Research from Duke University suggests that if data centres flex their demand for just a few hours each year, the US could absorb around 100 GW of new load without expanding generation capacity.
“The opportunity for the technology industry,” Marc says, “is to treat energy as a co-design challenge, not a cost to be procured.”
The buildout of AI infrastructure alone represents the largest infrastructure investment in history, layered on top of already accelerating electricity needs from transportation electrification, heating and population growth.
Accelerating the clean energy transition
Some of the most compelling applications Marc describes are on the clean energy side.

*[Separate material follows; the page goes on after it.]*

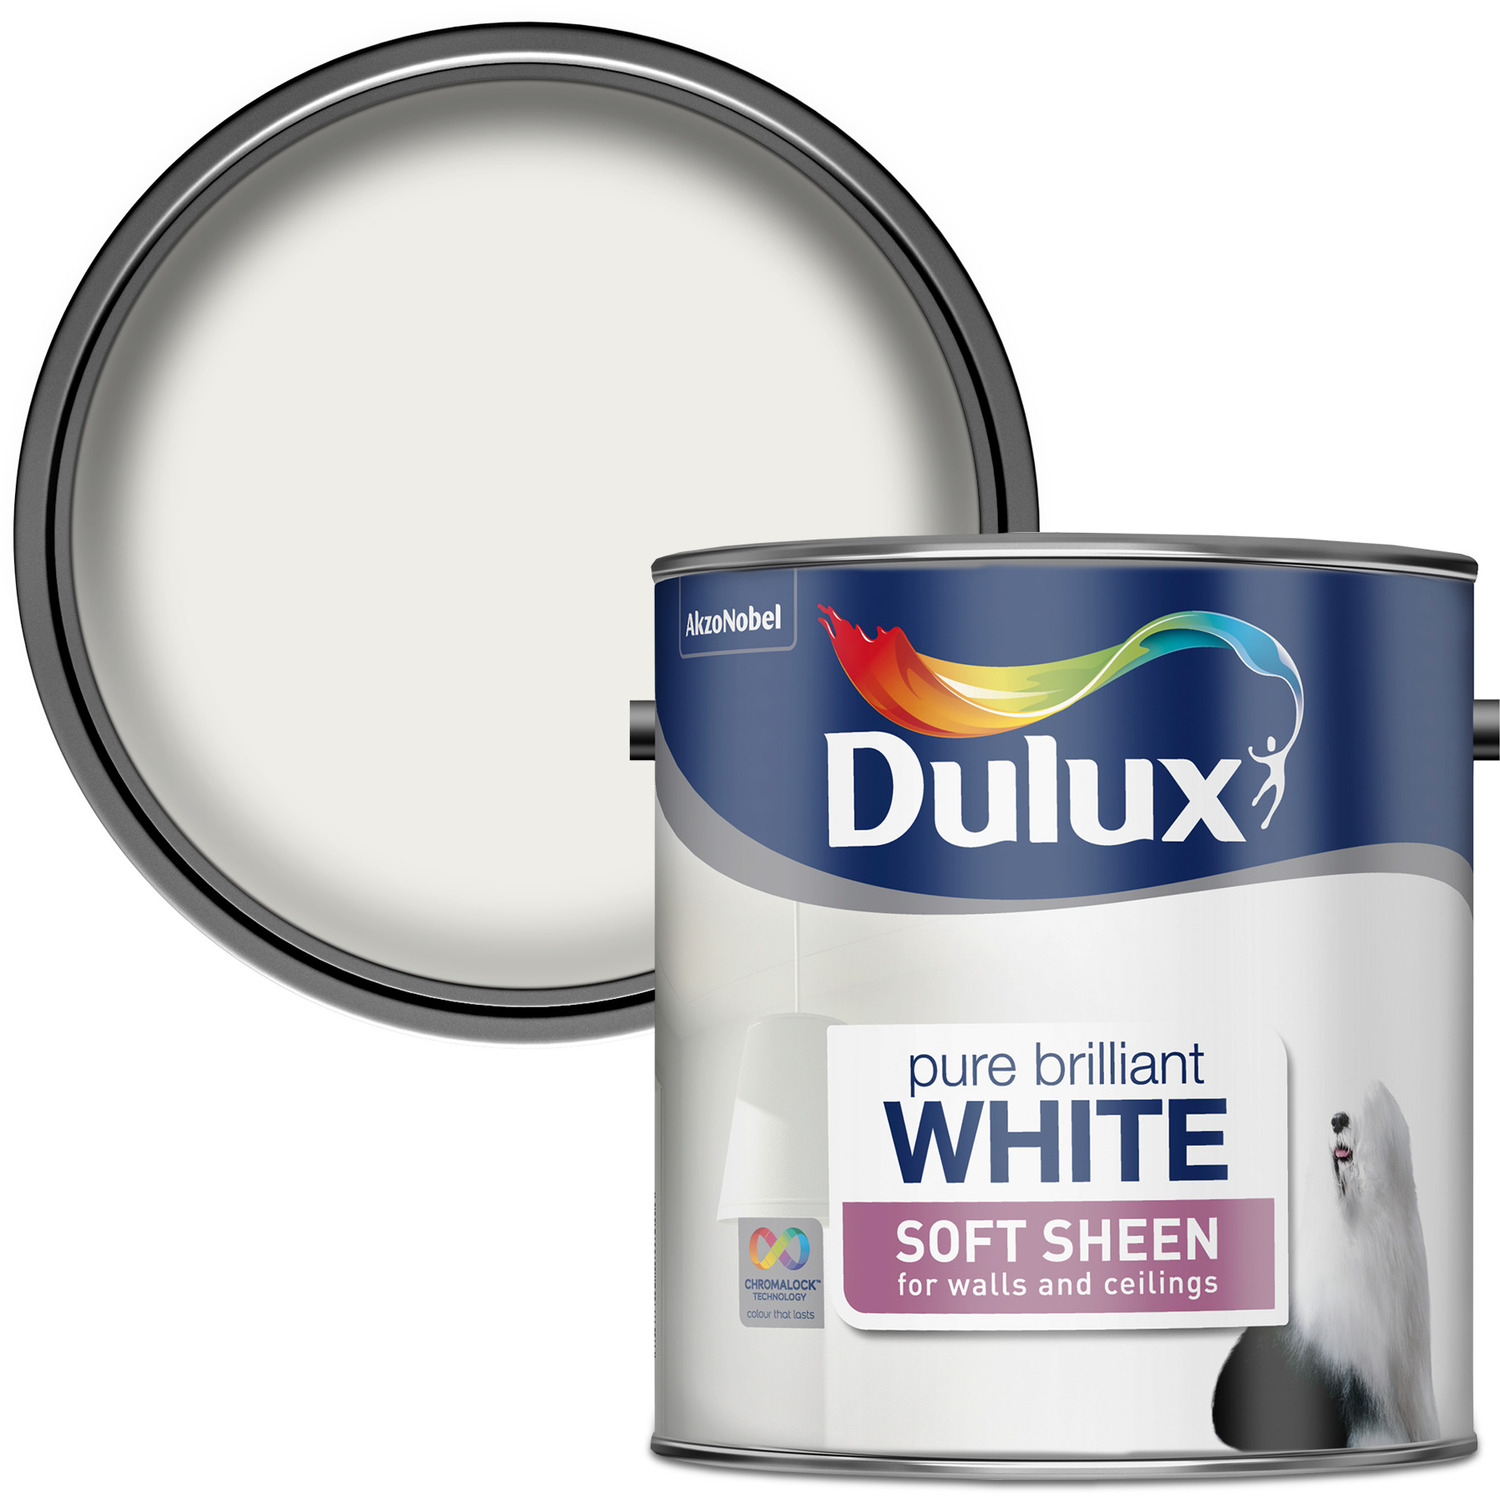 Dulux Walls & Ceilings Pure Brilliant White Soft Sheen Paint 2.5L Image 1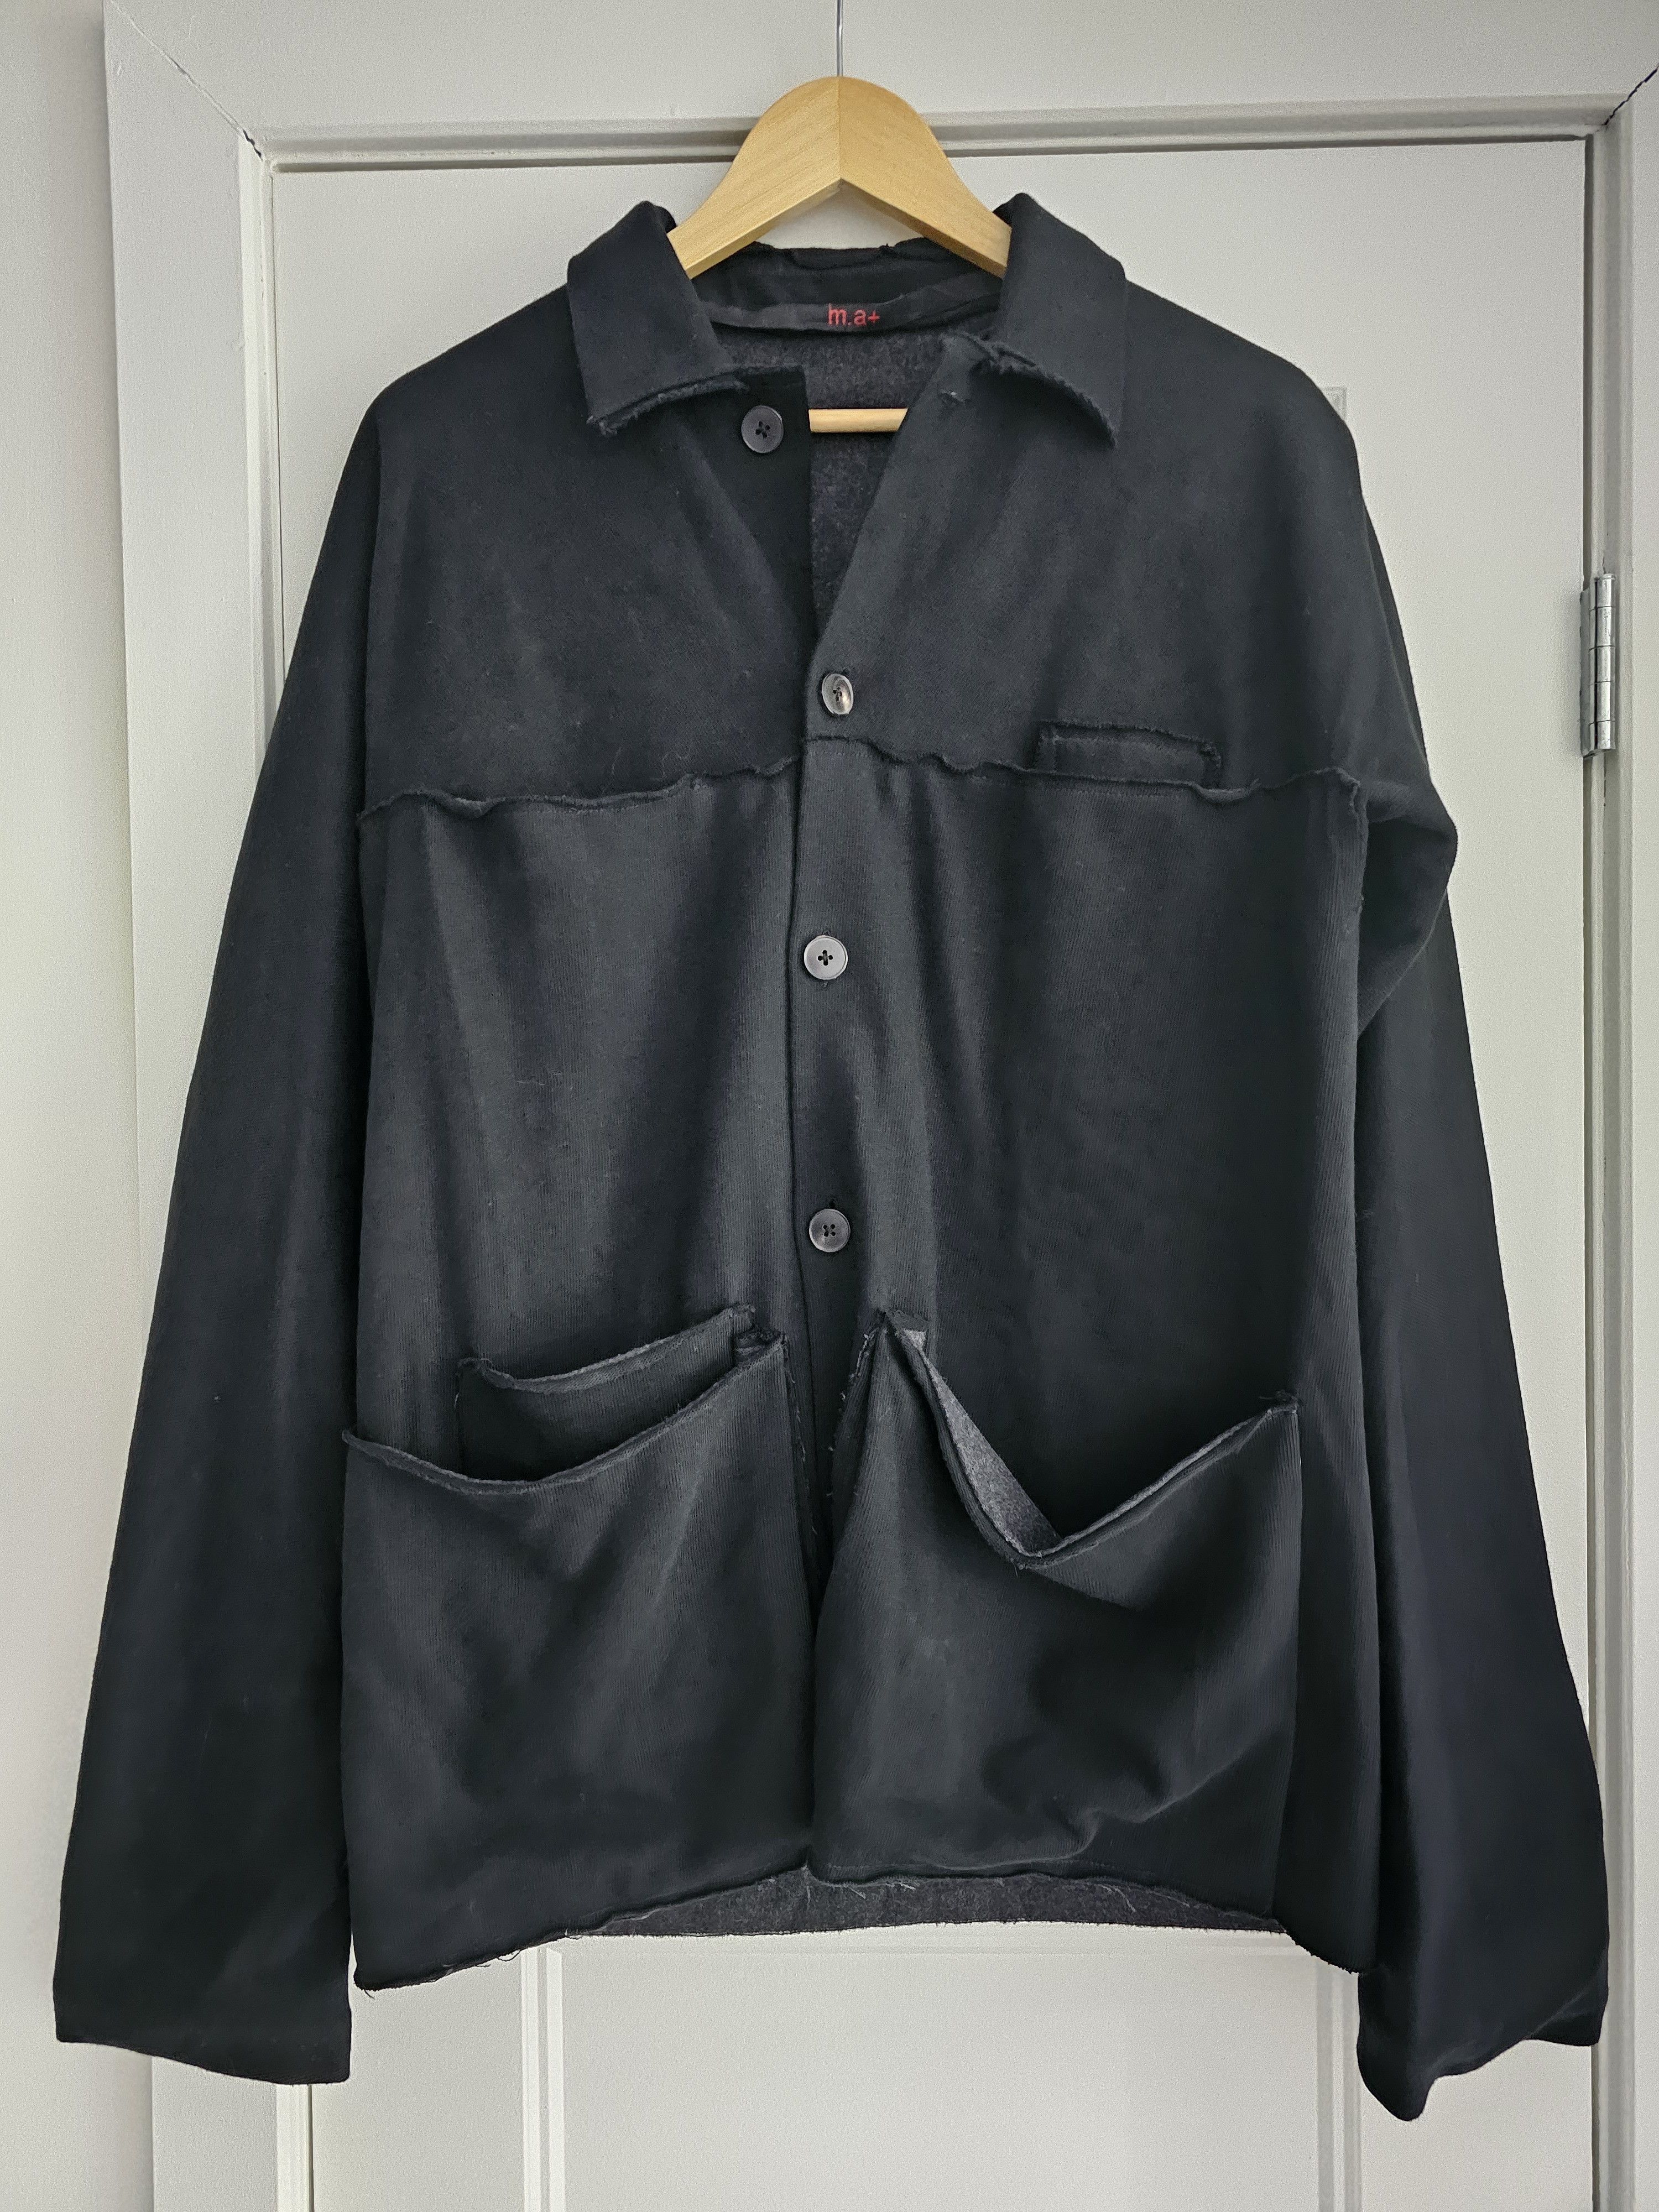 Ma+ Ma+ Lined jacket | Grailed

Geothermal development, long constrained by the difficulty and expense of identifying viable well sites, is being transformed by AI-enhanced seismic imaging.
Nuclear energy, which is undergoing a huge revival in public and commercial interest this year, is seeing digital twins used to enable autonomous reactor operations and compress permitting timelines that have historically taken years.
At CERAWeek earlier this year, Microsoft and NVIDIA announced a collaboration providing end-to-end tools to streamline nuclear permitting, accelerate plant design and optimise operations across the industry.
On solar, NVIDIA partner Maximo recently completed a 100MW robotic installation at AES' Bellefield site using AI-driven robotics built on NVIDIA's accelerated computing platform.
The road ahead
Ask Marc where he expects the energy and technology industries to stand in five years, and the answer is unequivocal. “The lines between the two industries will be considerably harder to draw,” he notes.
AI infrastructure will be integrated into grid operations, participating in demand response and frequency regulation, co-located with generation assets in configurations that today exist only as pilots.
The choices being made now, he argues, will determine the shape of that convergence – how fast, how broadly and how responsibly it unfolds.
“The processes that today take years – permitting, interconnection studies, construction – can be compressed through AI-powered digital twins, automated engineering workflows and intelligent grid integration tools.”
For an industry accustomed to measured timescales and proven technology, that represents a genuine inflection point. Marc’s task is to make sure the energy sector is ready for it, and that NVIDIA is the partner standing alongside it when the time comes.